As far as I can see we need a project to increase the standard of living of everybody on the planet by about the local equivalent of US$2000, as that $2000 was valued in the year 2000. This CAN be done sustainably [see my 4th axiom for reassurance] and this will give a far more secure economic base for the size of project that is entailed in this vision for a space elevator.
So maybe a single tube or ribbon like thing may be what we start with but I'm thinking that, further on, a series of continuous belts will be able to provide up and down traffic at a couple of hundred kilometres per hour.
Once a tubular structure is established the spiders keep up the job, making it more and more redundant and more capable of absorbing damage long enough for the spiders to repair it, and capable of lifting heavier and heavier loads and using mag lev technology to launch payloads out to the outer solar system.
I'm thinking that tubular and tapered cables will provide fail-safe suspension for the rest of the system which will involve a series of continuous belts, which obviously can't be tapered, with each to be looped over a big wheel at its top end.

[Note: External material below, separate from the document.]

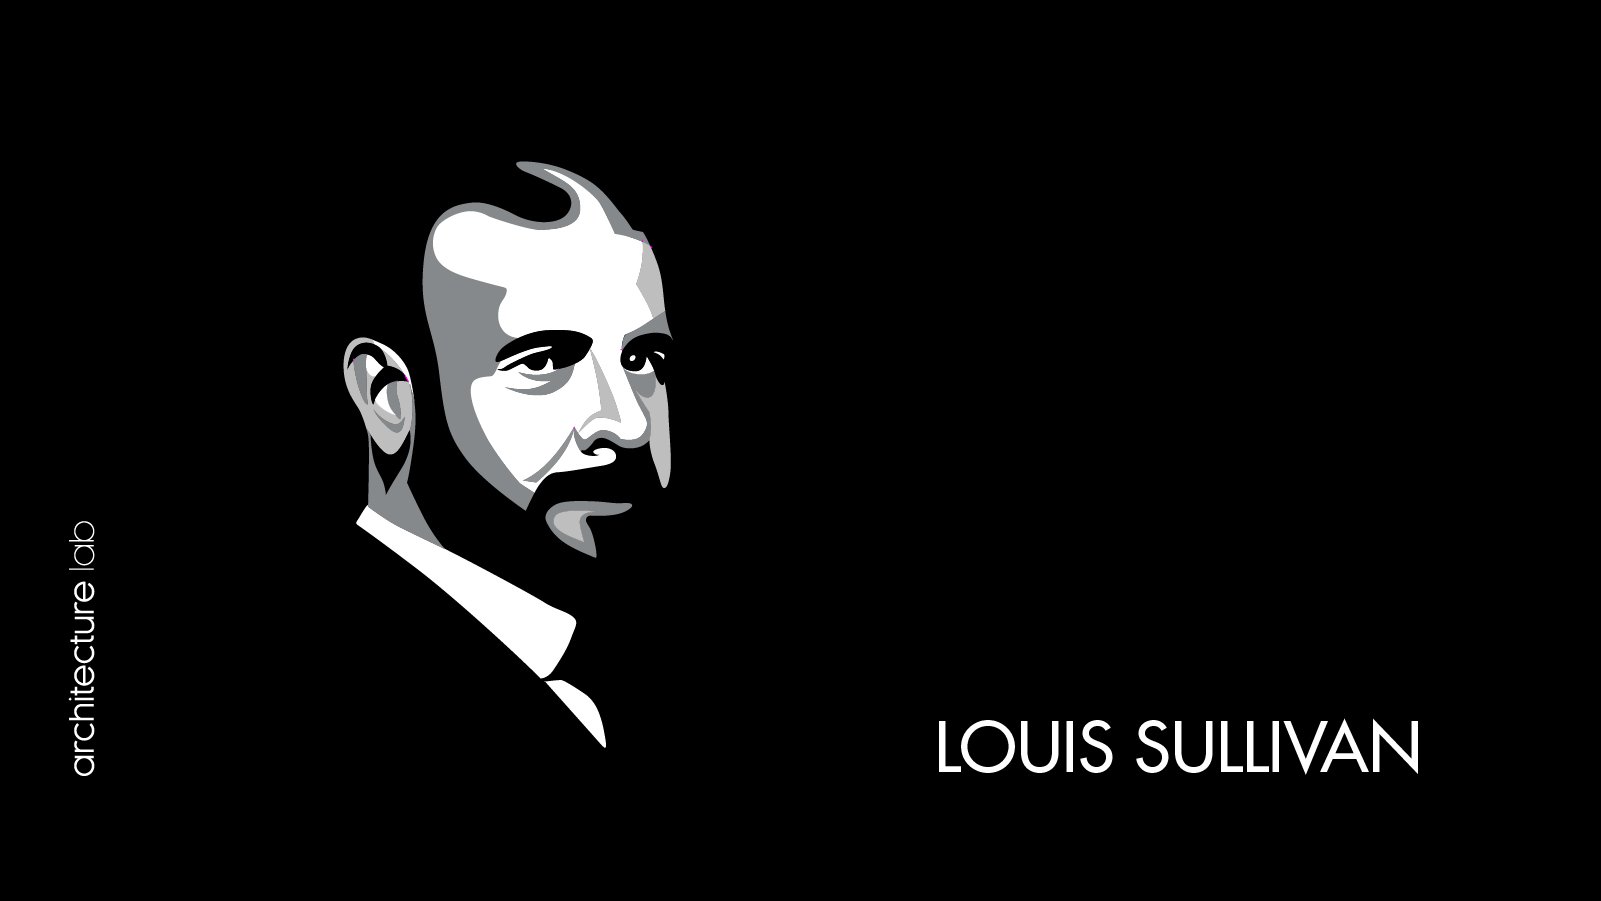 Louis sullivan: biography, works, awards

Presumably all but the bottom one could be looped around the next wheel down. The ribbon/belts shouldn't get tangled because the Coriolis effect would keep them well apart.
Power for the transport would come from the very large geostationary satellite, nuclear powered probably [see the Adams Atomic Engine web site for a candidate].
Manufacture of all the big parts would probably need to happen on [or IN] the moon, but manufacture of the vast number of small parts, and pieces of machine tools etc, may need to be done on Earth. Getting many metal parts up to geostationary or Lunar orbit can be accomplished by accelerating them up a vacuum tube using electromagnetism/linear induction.
Such a launch tube, at least 20 km long, aimed up at about 45 deg, would need to be at the equator, and would be suspended within/supported by a dome/cone/pyramid shaped bubble filled with de-oxygenated air at whatever pressure was needed.
It's all possible!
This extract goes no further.